188. Şuayb, "Rabb'im sizin yaptıklarınızı çok iyi biliyor. Dolayısıyla, hakkınızda gereken hükmü O verecektir!" dedi.
189. Böylece onu yalanladılar. Bundan dolayı, o gölge gününün azabı onları ansızın yakalayıverdi. Sıcak bir günde, kara bir bulut gibi üzerlerine çöken azap ile helâk edildiler. Doğrusu bu, gerçekten de korkunç bir günün azabıydı.
190. Hiç kuşkusuz bütün bu anlatılanlarda, ilâhî adaleti gözler önüne seren apaçık bir delil, bir işaret vardır. Fakat insanların çoğu, yine de inanmamakta diretiyor.
191. Oysa senin Rabb'in, sonsuz kudret ve merhamet sahibidir.
Surenin başından buraya kadar, insanlık tarihi boyunca ilâhî mesajı elden ele taşıyan elçilerden bazı örnekler verildi. Ve işte, insanlığa gönderilen son Elçi ve son Kitap:
192. Ey Muhammed! Muhakkak bu Kur'an, Âlemlerin Rabb'i tarafından indirilmiştir.
193. Onu, Güvenilir Ruh adıyla da bilinen ve daha önceki bütün Peygamberlere ilâhî mesajı getirmiş olan vahiy meleği Cebrail indirmiştir.

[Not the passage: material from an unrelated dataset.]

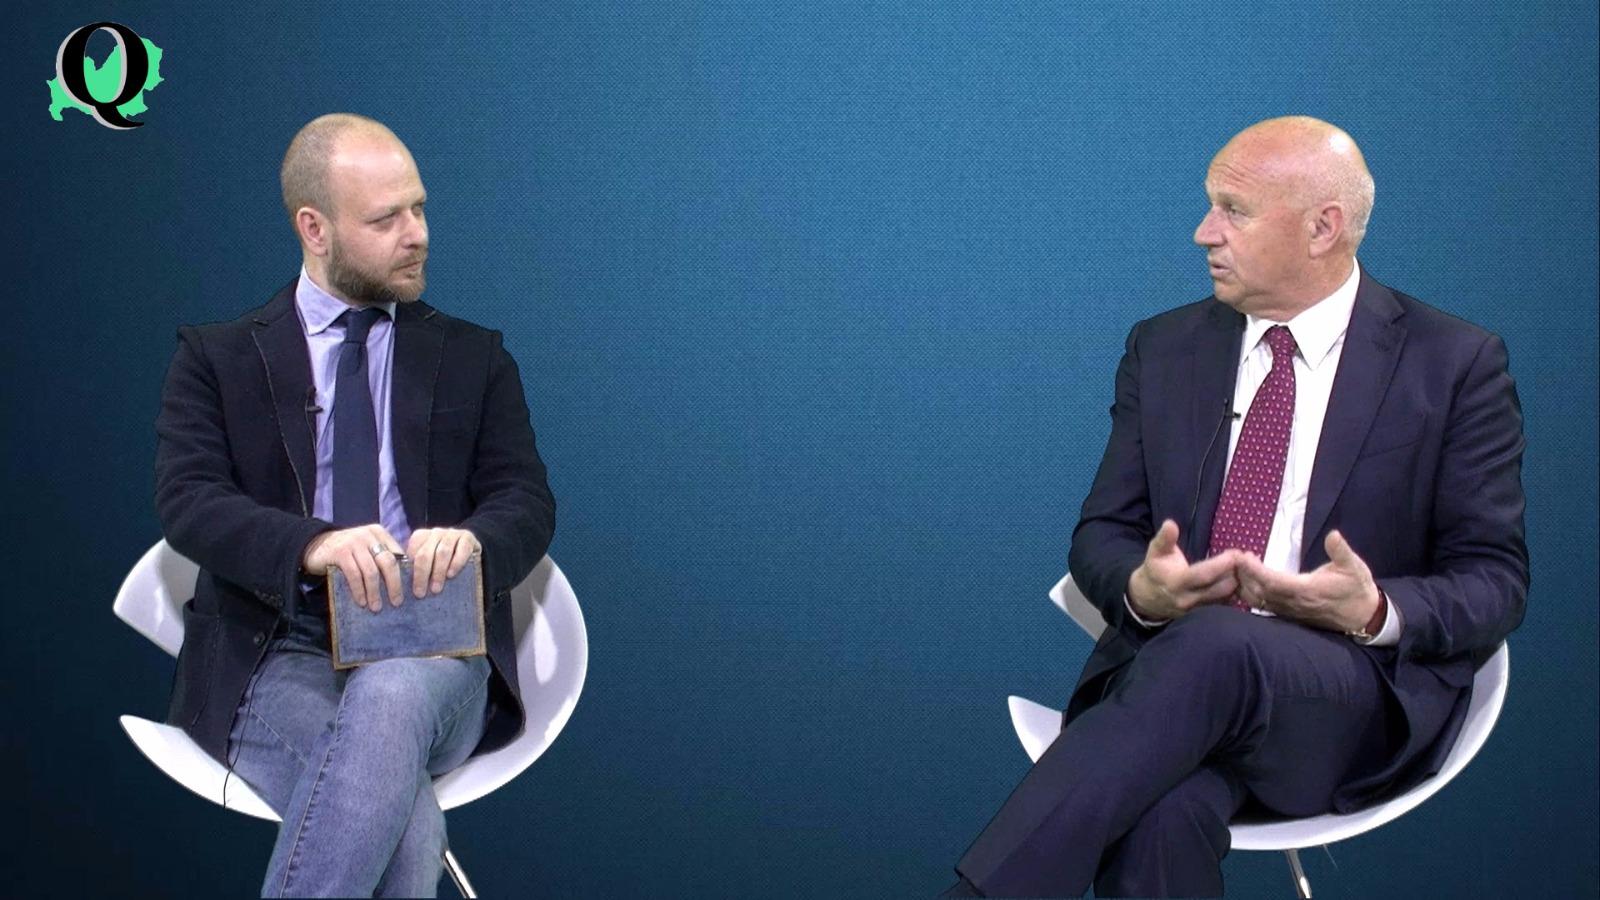 Intervista esclusiva al sindaco Battista, tutte le novità per Campobasso (VIDEO)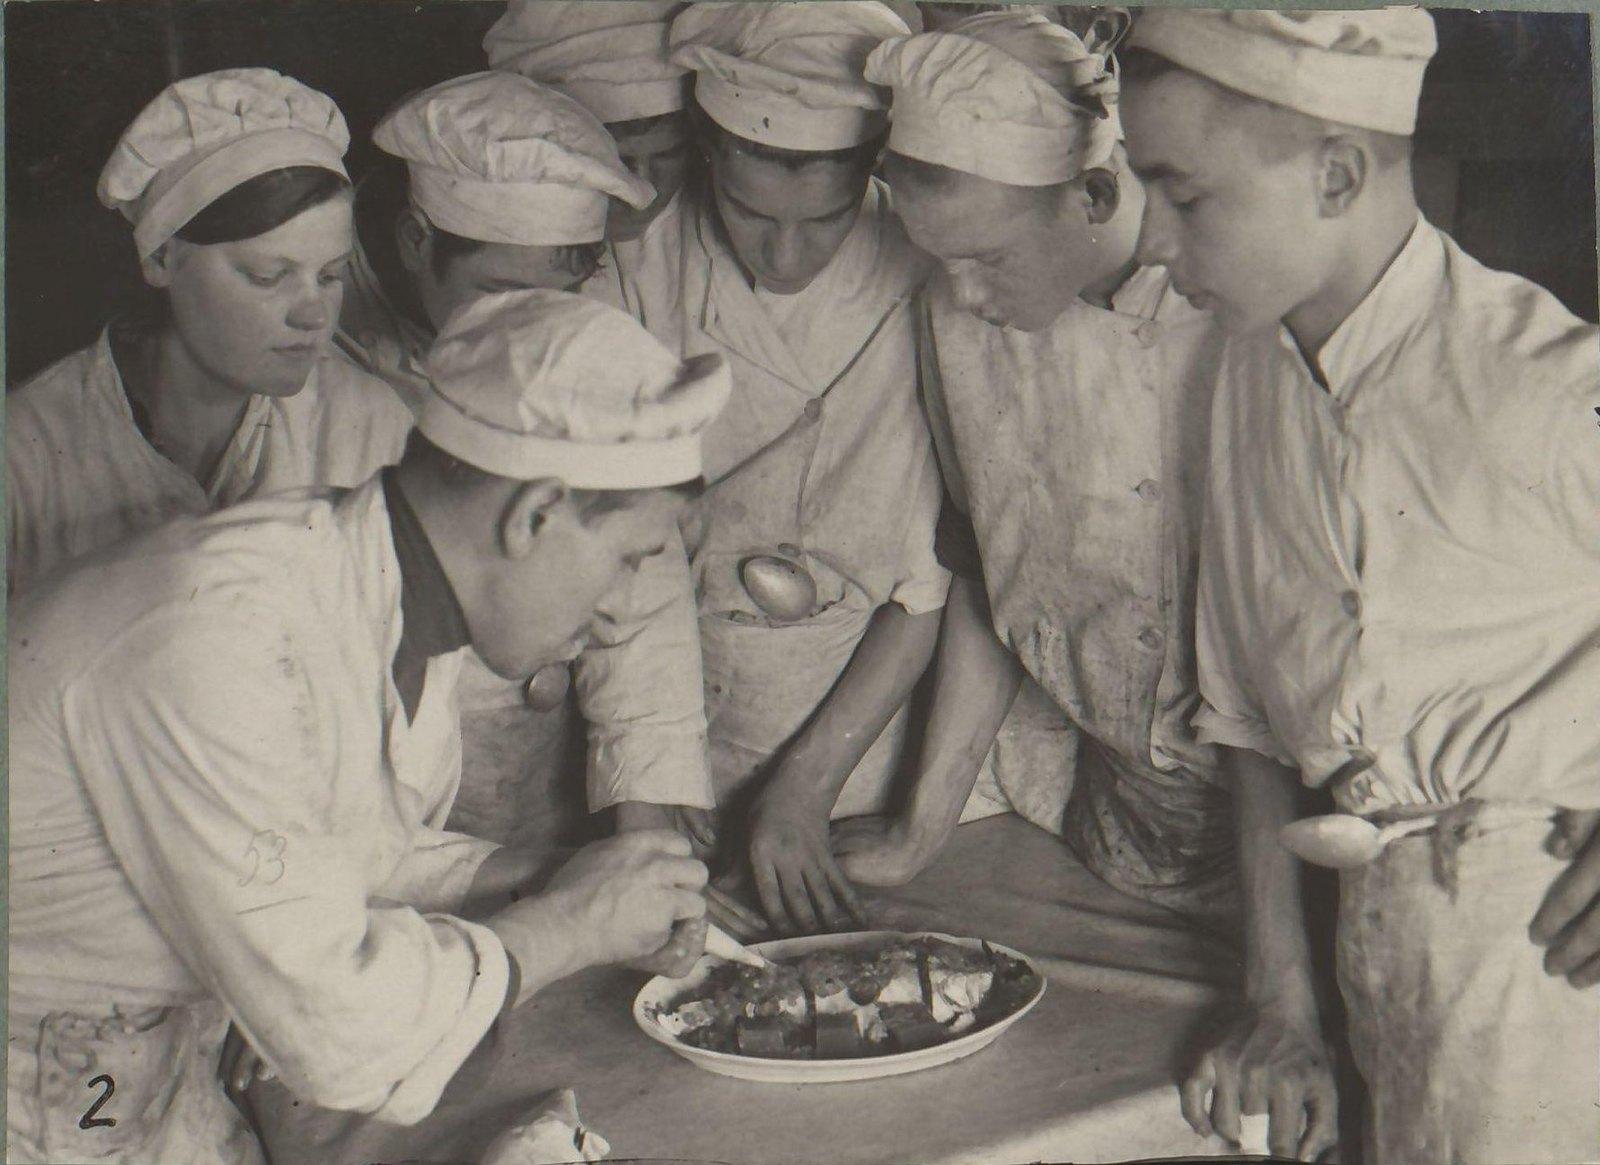 Московская обл. Кимрский райпотребсоюз открыл двухлетнюю школу подготовки поваров. Группа курсантов на практических занятиях в столовой Горпо

194. Cebrail Kur’an’ı doğrudan doğruya senin kalbine indirerek onu tüm benliğinle kavramanı sağladı ki, kıyamete kadar gelecek bütün insanlığı hakikate çağıran bir uyarıcı olasın.
195. Önce Arap toplumuna, sonra da tüm insanlığa seslenen açık ve anlaşılır Arapça diliyle indirilmiş bir kitap olarak.
196. Ve hiç kuşku yok ki, bu Kur'an'daki mesajlar, önceki Peygamberlerin kitaplarında da aynen vardı.
197. Nitekim İsrail Oğulları içindeki Yahudi din âlimlerinin, Mekke'yi ziyaret ettiklerinde Kur'an'ı duyar duymaz onun Allah kelâmı olduğunu bilmeleri ve bu hakikati açıkça itiraf etmeleri, onlar için yeterli bir delil değil mi? Fakat zalimler, inkâra öylesine şartlanmışlar ki:
198. Eğer bu Kur'an'ı, Arap olmayan ve bir tek kelime Arapça bilmeyen birine indirseydik de,
199. O da bu kitabı onlara mükemmel bir Arapçayla okusaydı, yine de bir bahane uydurup ona iman etmeyeceklerdi.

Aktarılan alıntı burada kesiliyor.